▸ **Prompt**
Quote the listing in full, exactly as given, minus any pictures.

▸ **Raw data**
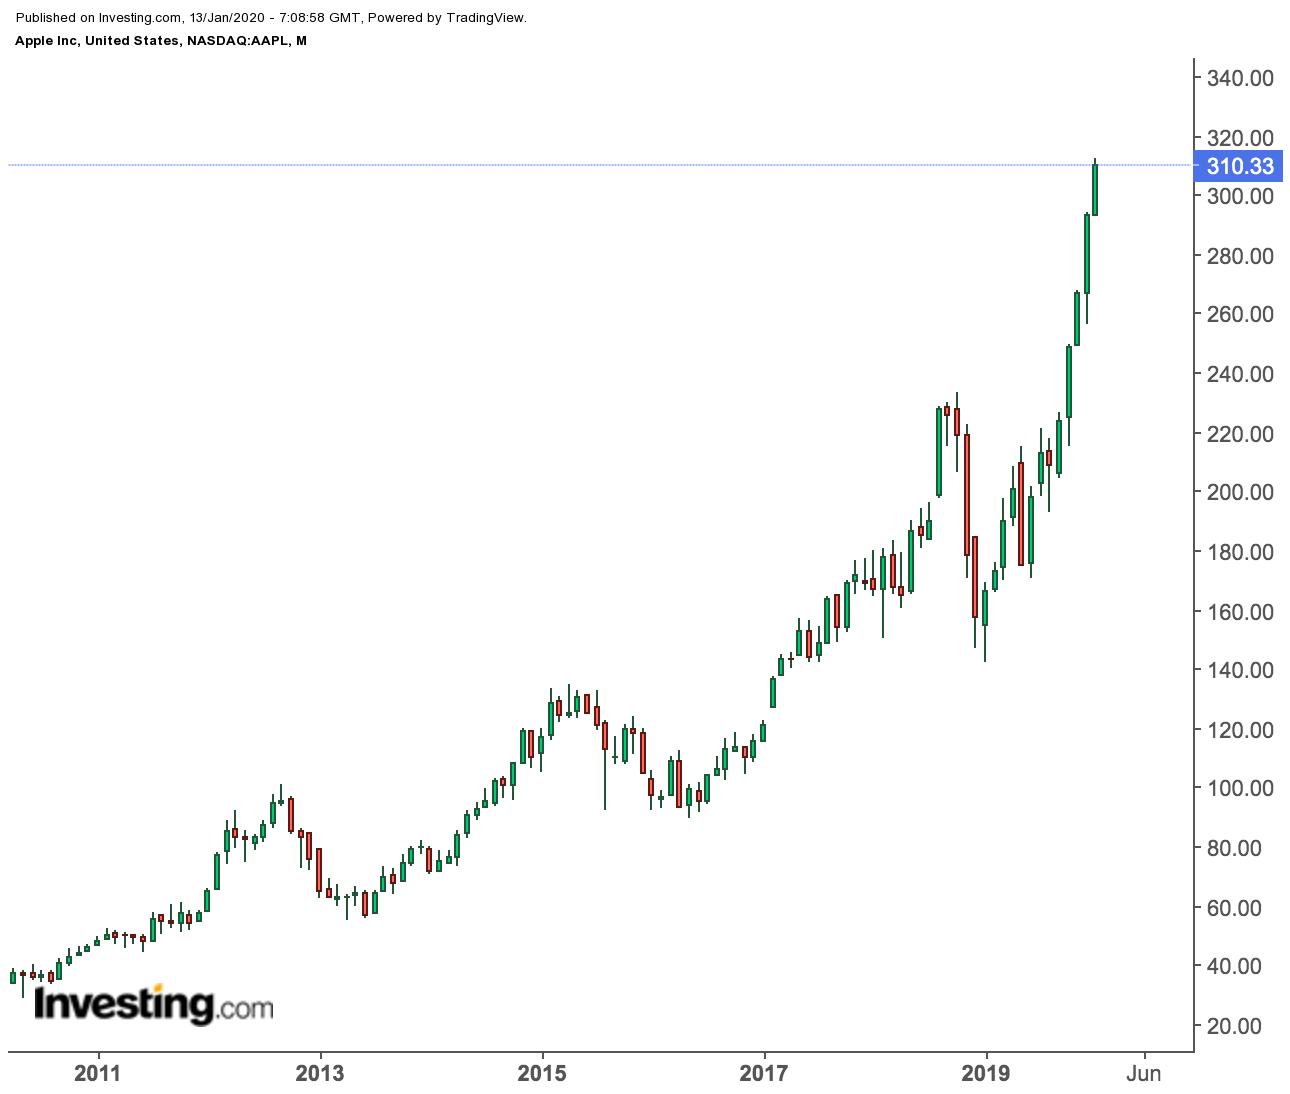 Giá cổ phiếu Apple theo tháng
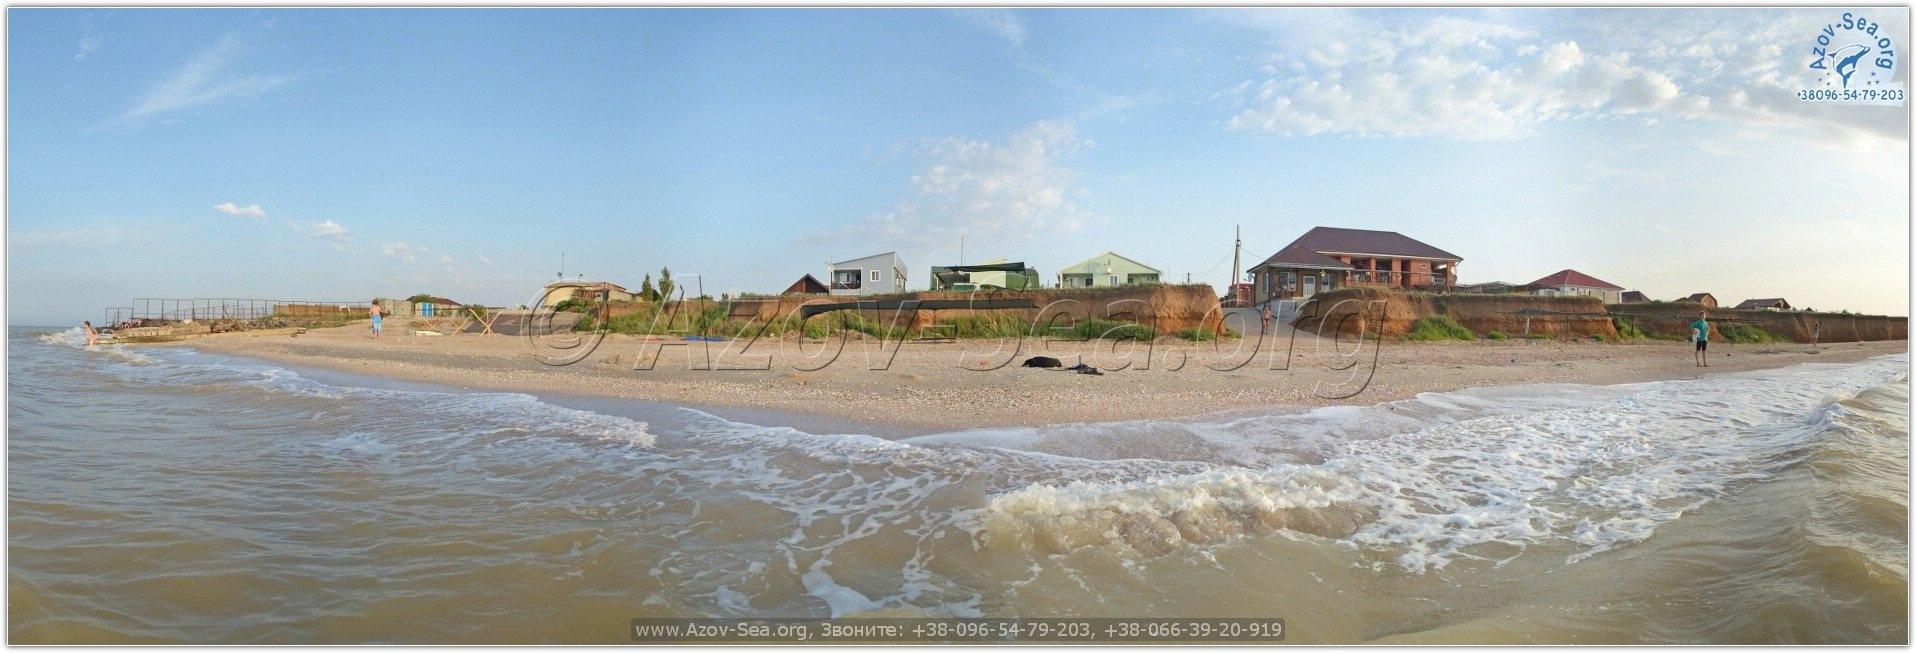 Азовское море. Пляж в Степановке Первой.
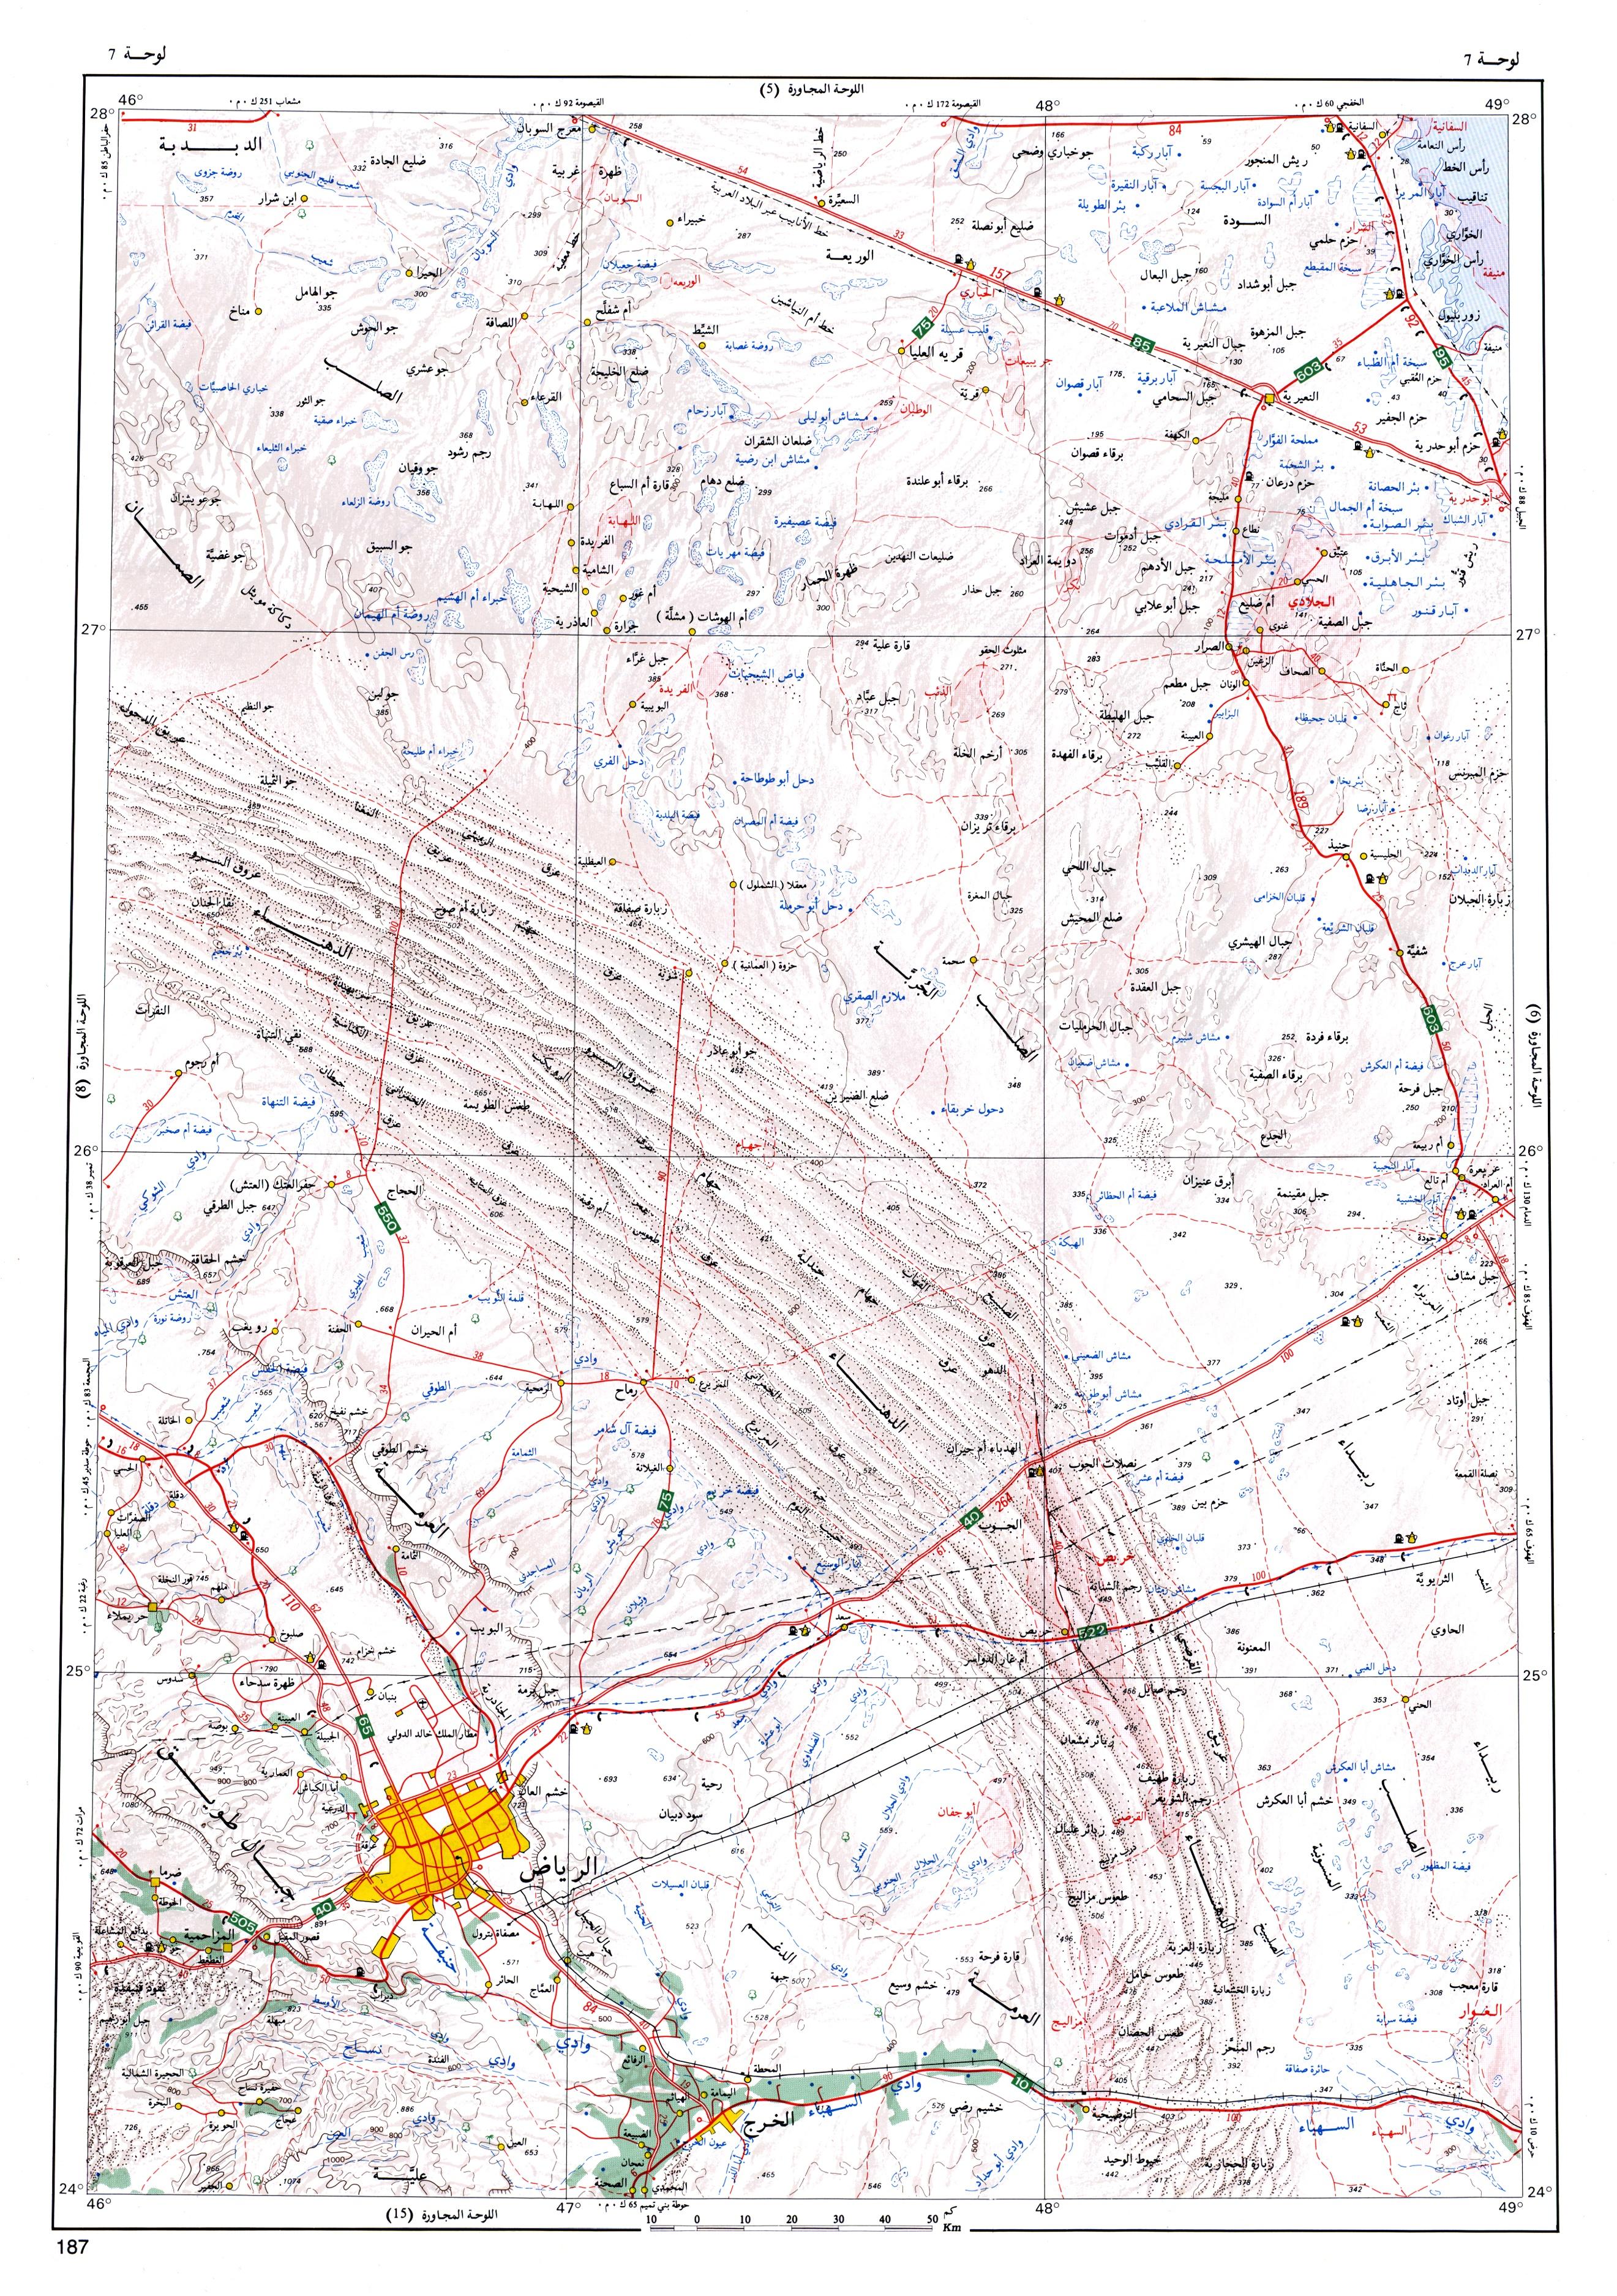 خرائط تفصيليه لمناطق اللمملكة العربية Fig-07.jpg

▸ **Result of the exercise**
 Giá cổ phiếu Apple theo tháng
 Азовское море. Пляж в Степановке Первой.
 خرائط تفصيليه لمناطق اللمملكة العربية Fig-07.jpg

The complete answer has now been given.